YOUR GOAL:
Pictures in the listing do not belong in the copy, which should repeat exactly the lines from the one holding "Ключевые особенности установки" through the last line.

DATASET SECTION:

····················

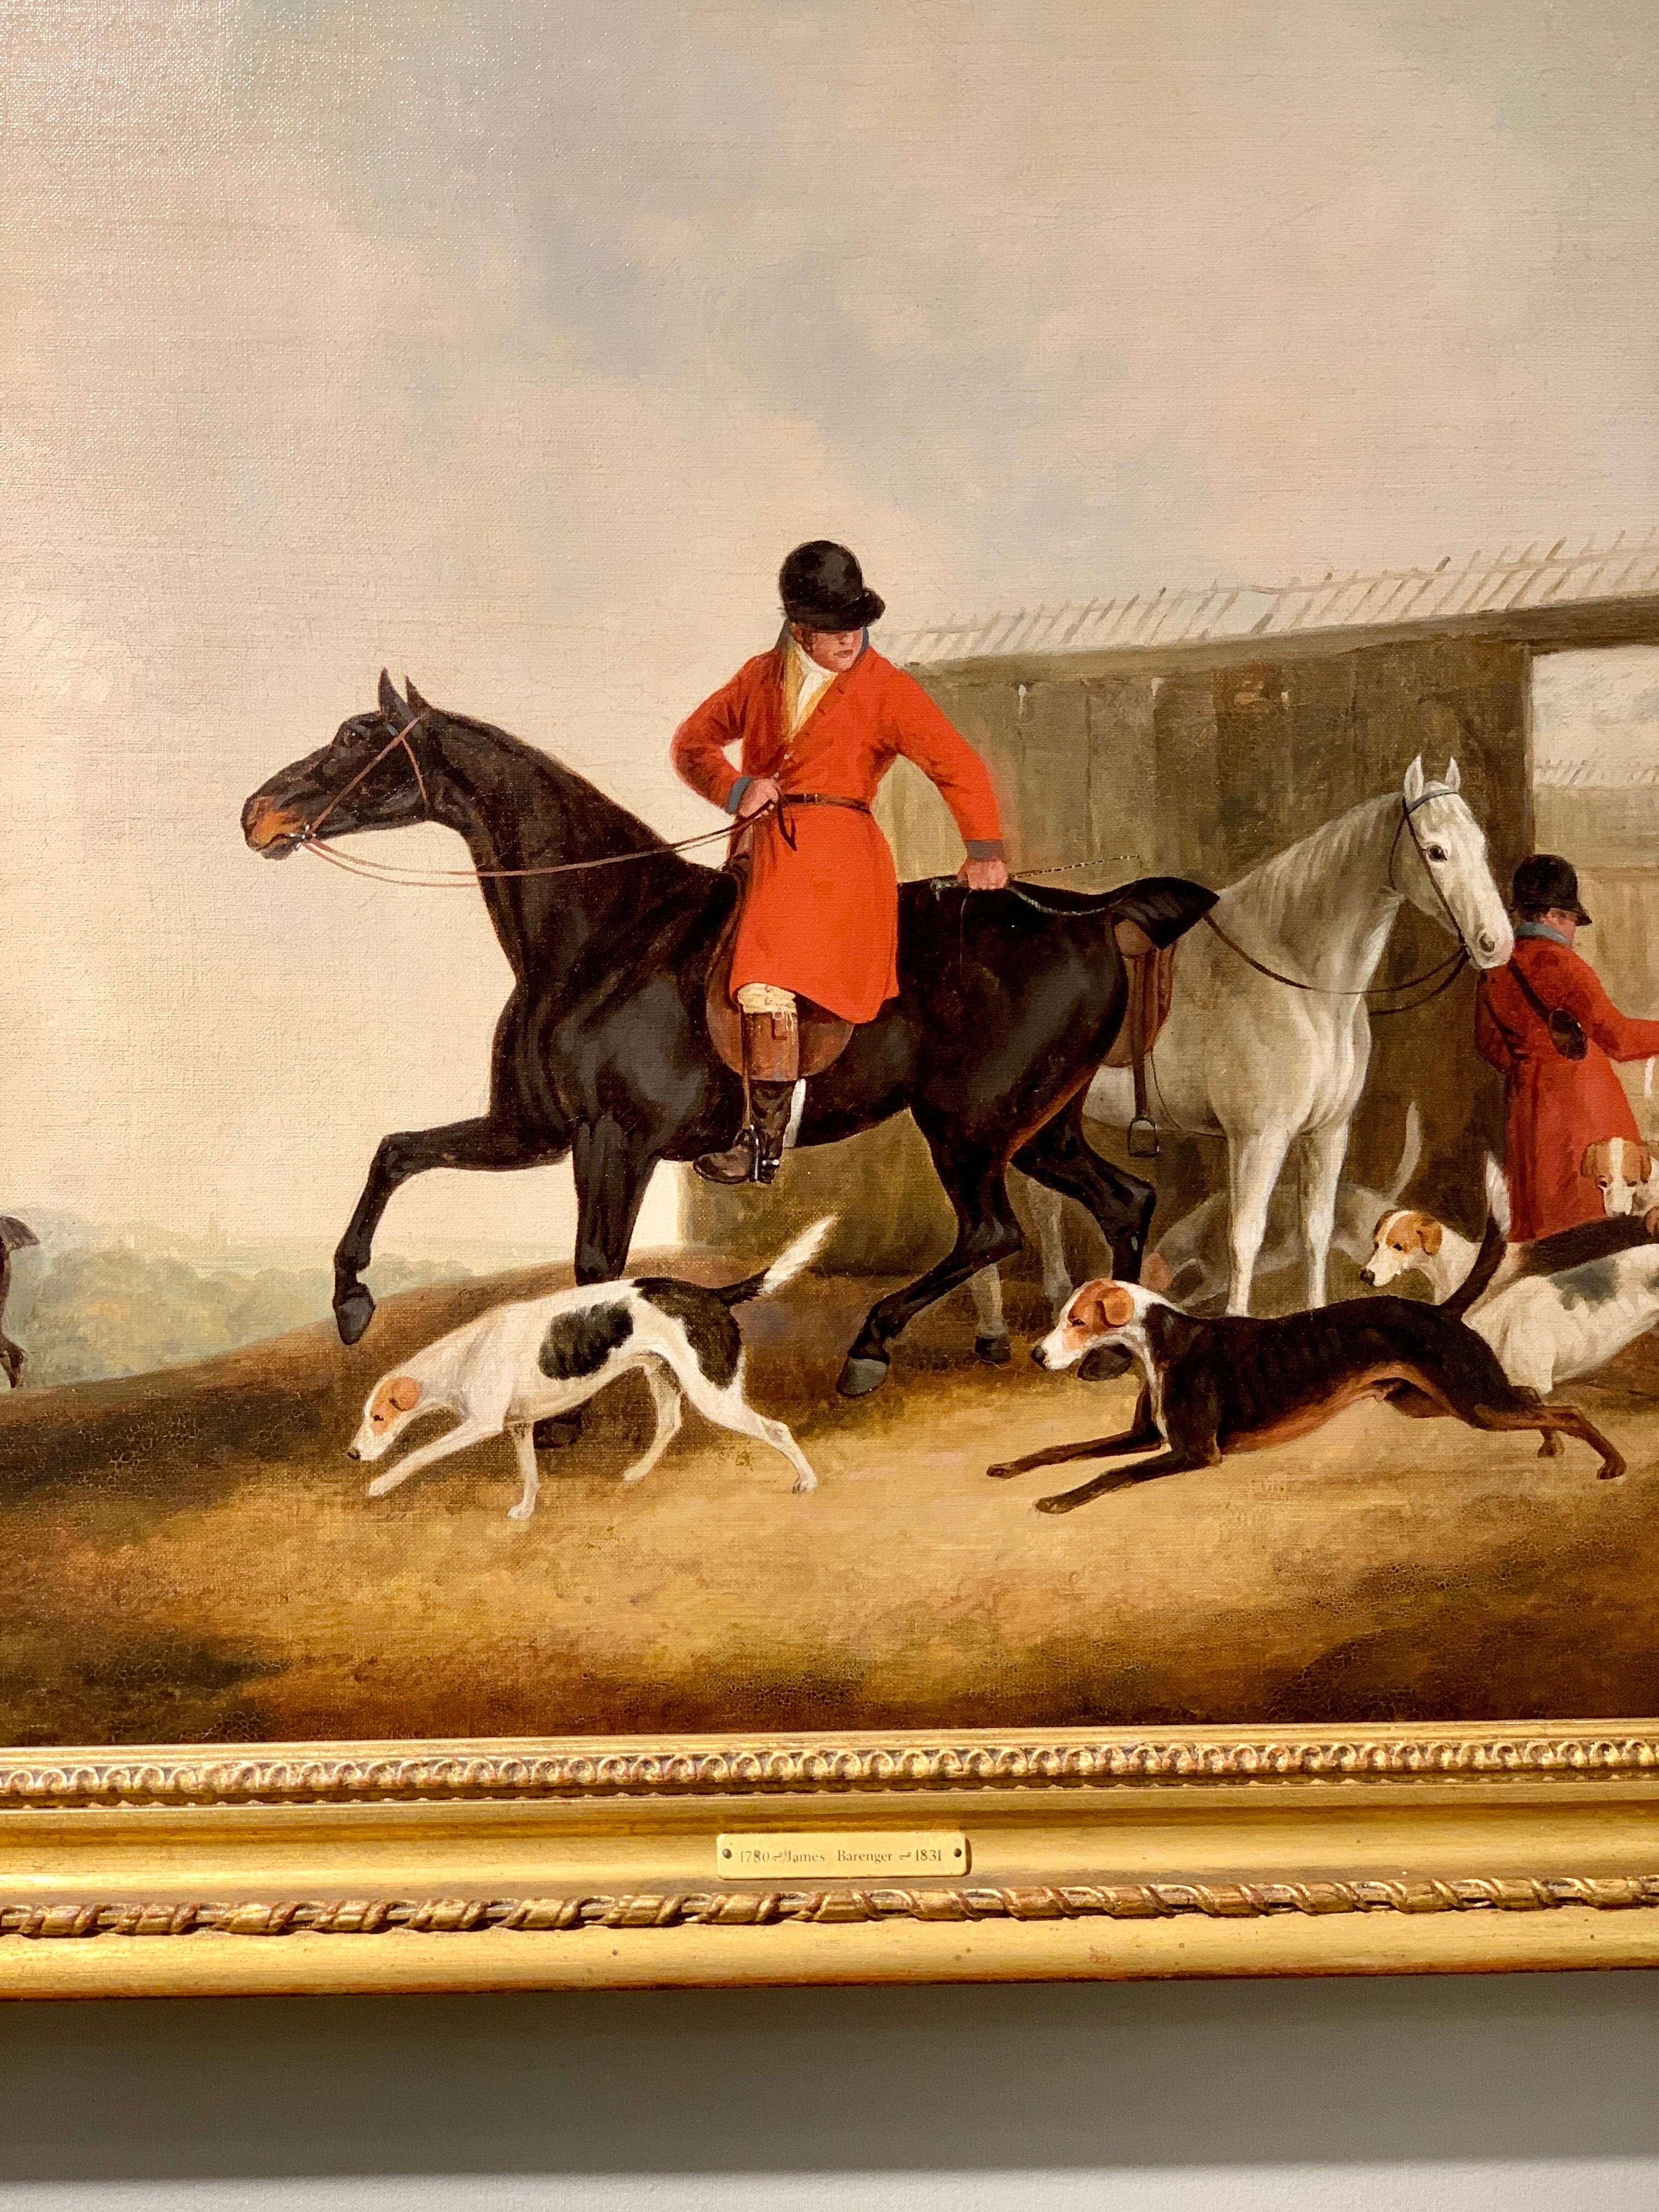 Antique Angleterre du 19ème siècle, chasseur de renard et chiens de chasse dans un paysage.  - Painting de James Barenger
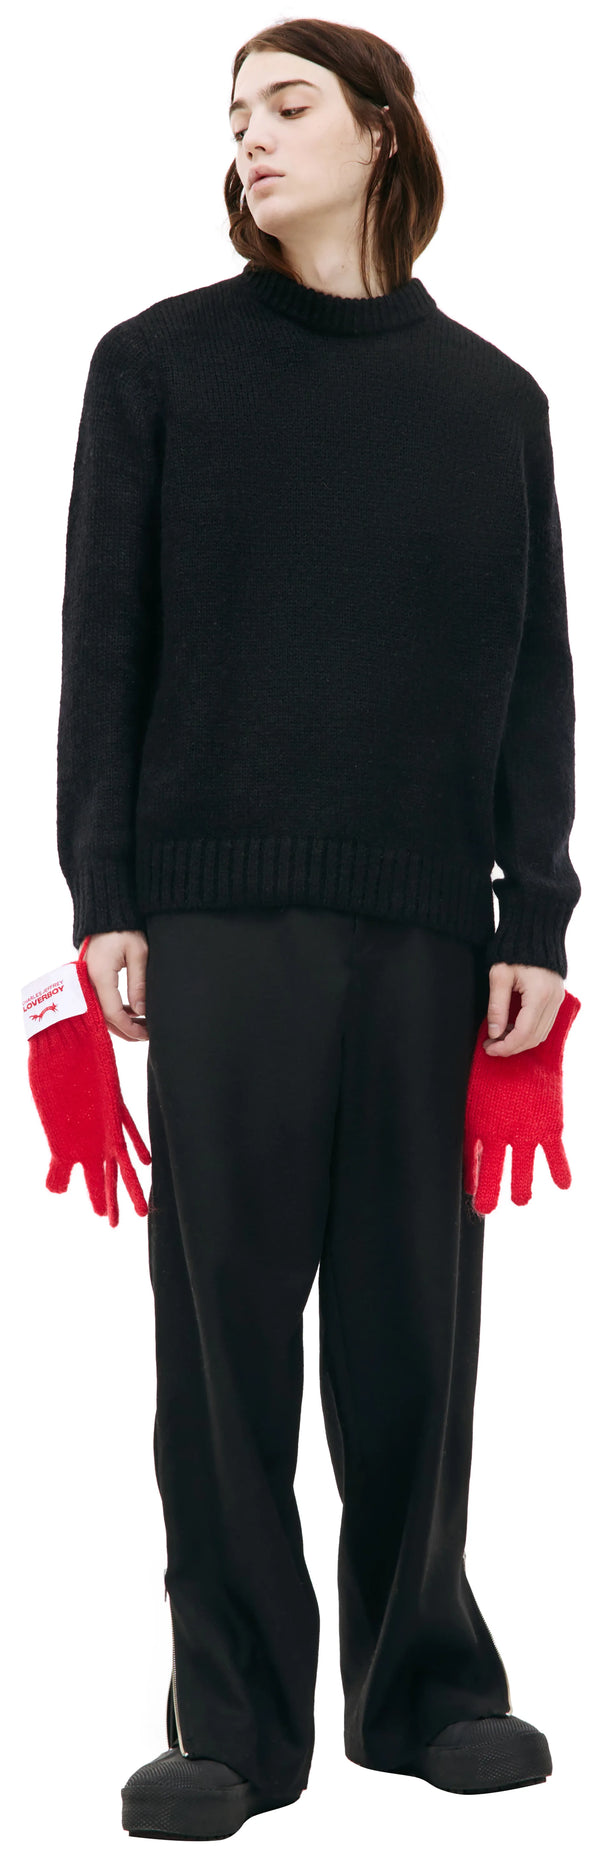 Gloves Mohair Jumper (Black/Red)
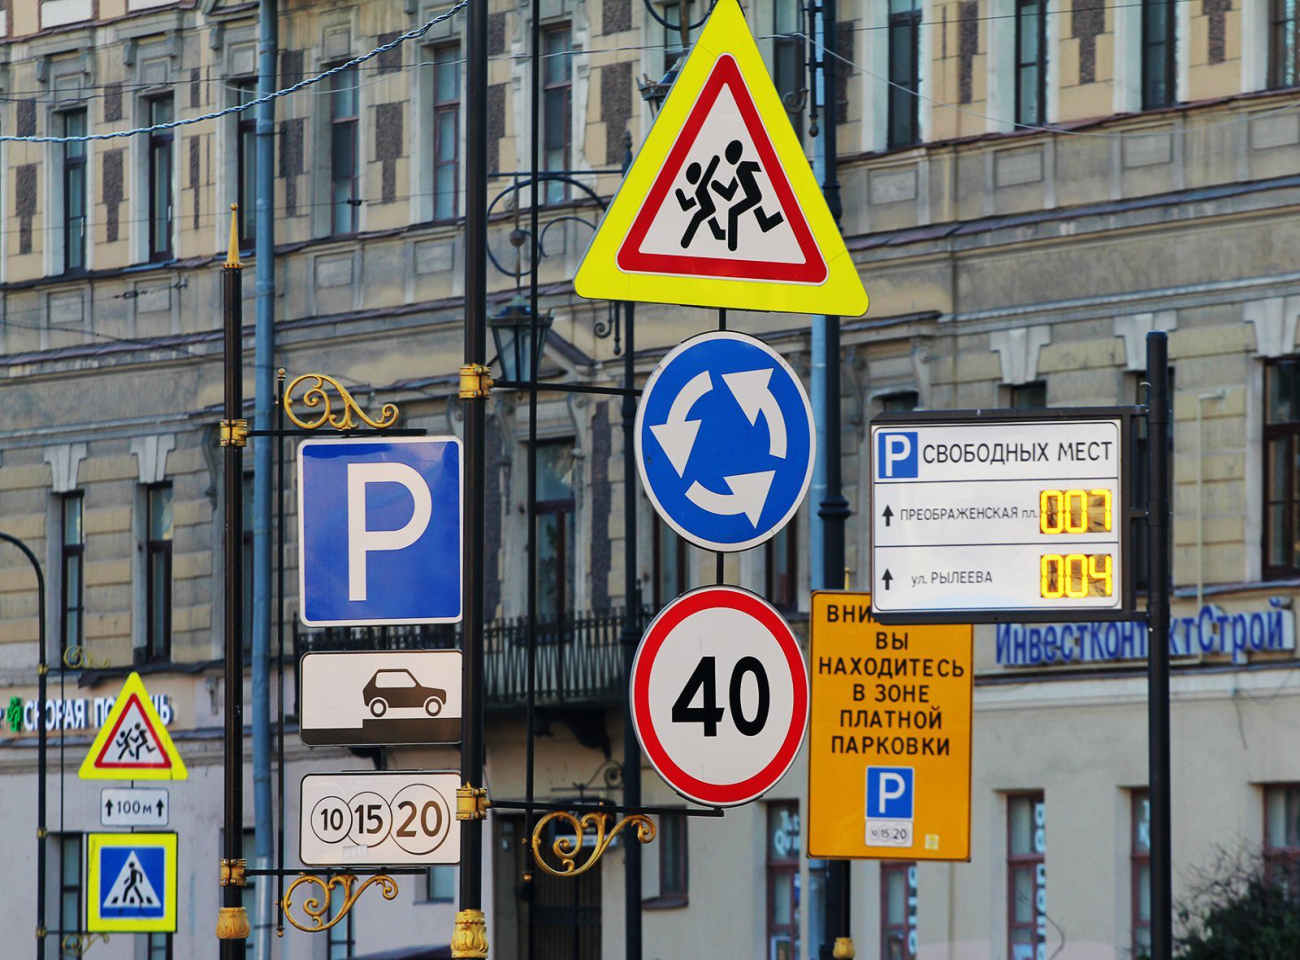 Ключевые особенности установки дорожных знаков: Гарантия безопасности на дорогах
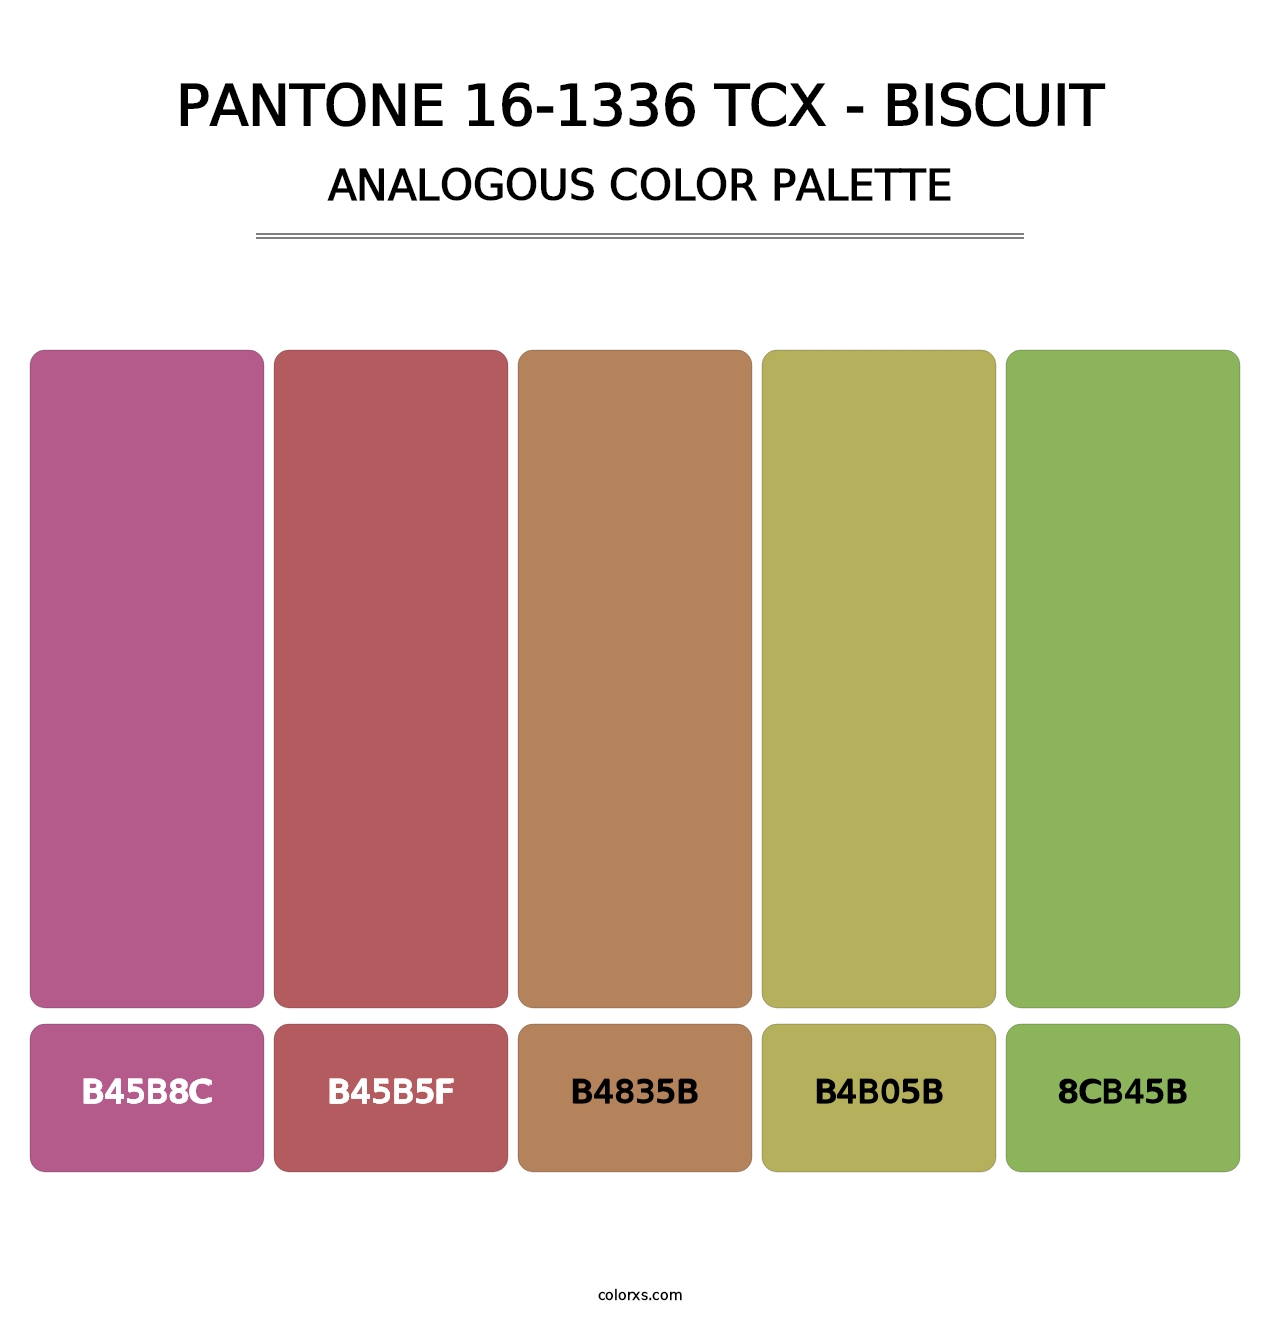 PANTONE 16-1336 TCX - Biscuit - Analogous Color Palette

····················

EXERCISE RESULT:
 Ключевые особенности установки дорожных знаков: Гарантия безопасности на дорогах
 PANTONE 16-1336 TCX - Biscuit - Analogous Color Palette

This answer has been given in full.